MOTOR TYRES SERVICES CO. LTD v. NASCO ESTATES CO. (NIG) LTD & ORS (2022)

MOTOR TYRES SERVICES CO. LTD v. NASCO ESTATES CO. (NIG) LTD & ORS

(2022)LCN/17138(CA)

In The Court Of Appeal

(LAGOS JUDICIAL DIVISION)

On Thursday, February 17, 2022

CA/L/169/2009

Before Our Lordships:

Obande Festus Ogbuinya Justice of the Court of Appeal

Abdullahi Mahmud Bayero Justice of the Court of Appeal

Adebukunola Adeoti Ibironke Banjoko Justice of the Court of Appeal

Between

MOTOR TYRES SERVICES COMPANY LIMITED APPELANT(S)

And

1. NASCO ESTATES COMPANY NIGERIA LIMITED 2. REV. DR. (MRS.) NKECHI ANAYO-ILOPUTAIFE 3. REV. FIDEL ADUAYE-ODIETE (For Themselves And On Behalf Of All Other Members Of Faith Revival Ministries Otherwise Known As Victory Christian Centre Or Faith Revival Ministries World Outreach) 4. THE INCORPORATED TRUSTEES OF FAITH REVIVAL MINISTRIES RESPONDENT(S)

 

RATIO

WHETHER OR NOT THE COURTS CAN ENTERTAIN ACADEMIC ISSUES

In consequence, the issue two in this appeal is rendered academic in that it will be of no judicial utilitarian value to the parties herein. In the mind of the law, Courts are not cloaked with the vires to entertain an academic issue/suit no matter the jurisprudential content of the law involved in it. PER OGBUINYA, J.C.A.

OBANDE FESTUS OGBUINYA, J.C.A. (Delivering the Leading Judgment): This appeal interrogates the correctness of the decision of High Court of Lagos, Ikeja Division, (hereinafter addressed as “the lower Court”), coram judice: Eniola F. Longe, J., in Suit No. ID/1536/1998, delivered on 25th October, 2001. Before the lower Court, the appellant and the second–fourth respondents were the defendants whilst the first respondent was the plaintiff.
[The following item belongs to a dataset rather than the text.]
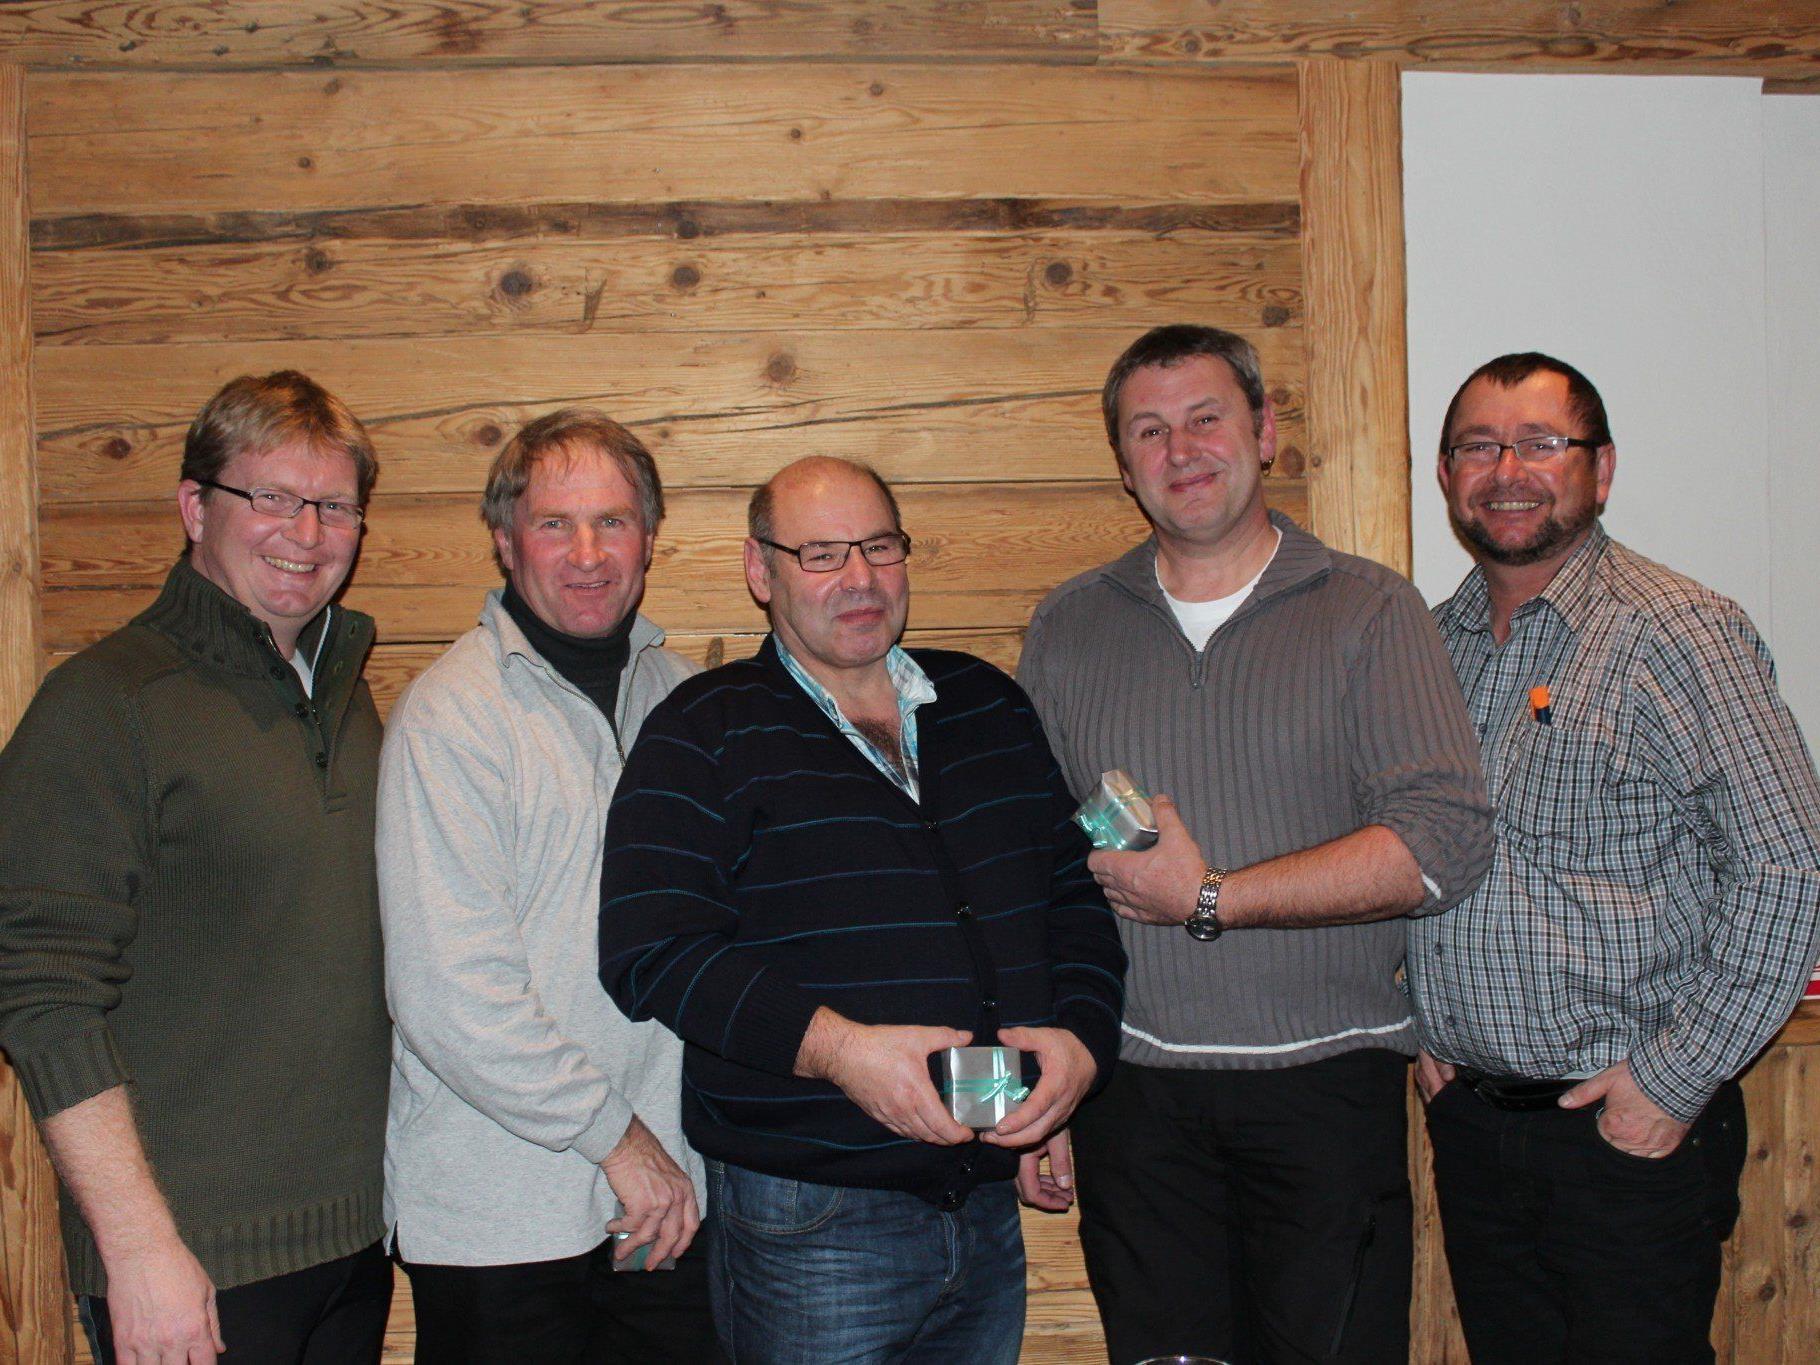 Geschäftsführer Günter Oberhauser, Karl Weissenbach, Günther Moosbrugger, Andreas Ulsess und Klaus Frey (von links nach rechts).

The facts of the case, which transformed into the appeal, are amenable to brevity and simplicity. Sometime in 1978, the Federal Government of Nigeria leased a large expanse of land, situate and lying along Lagos-Badagry Express Road, Lagos, to the first respondent under certain terms and conditions on its usage. In October, 1981, the first respondent subleased part of the same land to the appellant under the same conditions in the headlease. In 1993, the appellant assigned the residue of its interest in the same portion of land to the trustees of the third appellant under the certain conditions. The first respondent alleged that in 1992, the second-fourth respondents entered the land in dispute, built buildings thereon and started using it for religious purpose contrary to the user covenant in the headlease. Sequel to that, the first respondent beseeched the lower Court, via a writ of summons filed on 1st July 1998, and tabled against the second–fourth respondents and the appellant the following reliefs:
1. A declaration that neither the Incorporated Trustees of the Faith Revival Ministries nor any member of the Faith Revival Ministries otherwise known as “Victory Christian Centre” or Faith Revival Ministries World Outreach” have any right title or interest in all that piece or parcel of land containing an area of approximately 4.861 Hectares (12.012 acres) situate lying and being along Lagos-Badagry Express Road and more particularly described and delineated with its dimensions and abuttals on Plan No. LAA/811/105 annexed to a deed of Sub-lease dated 12th day of October 1981 and registered as No. 34 at Page 34 in Volume 1830 in the Lands Registry in the Office at Lagos.
2. An order to recover possession of the aforementioned land from the Incorporated Trustees of Faith Revival Ministries and all other persons who are in occupation of the said 4.861 Hectares of land or any portion thereof.
3. An order of perpetual injunction to restrain all members of the aforementioned Faith Revival Ministries otherwise known as “Victory Christian Centre” or Faith Revival Ministries World Outreach” from entering or re-entering the said 4.861 Hectares of land or any portion thereof without the consent of the Plaintiff.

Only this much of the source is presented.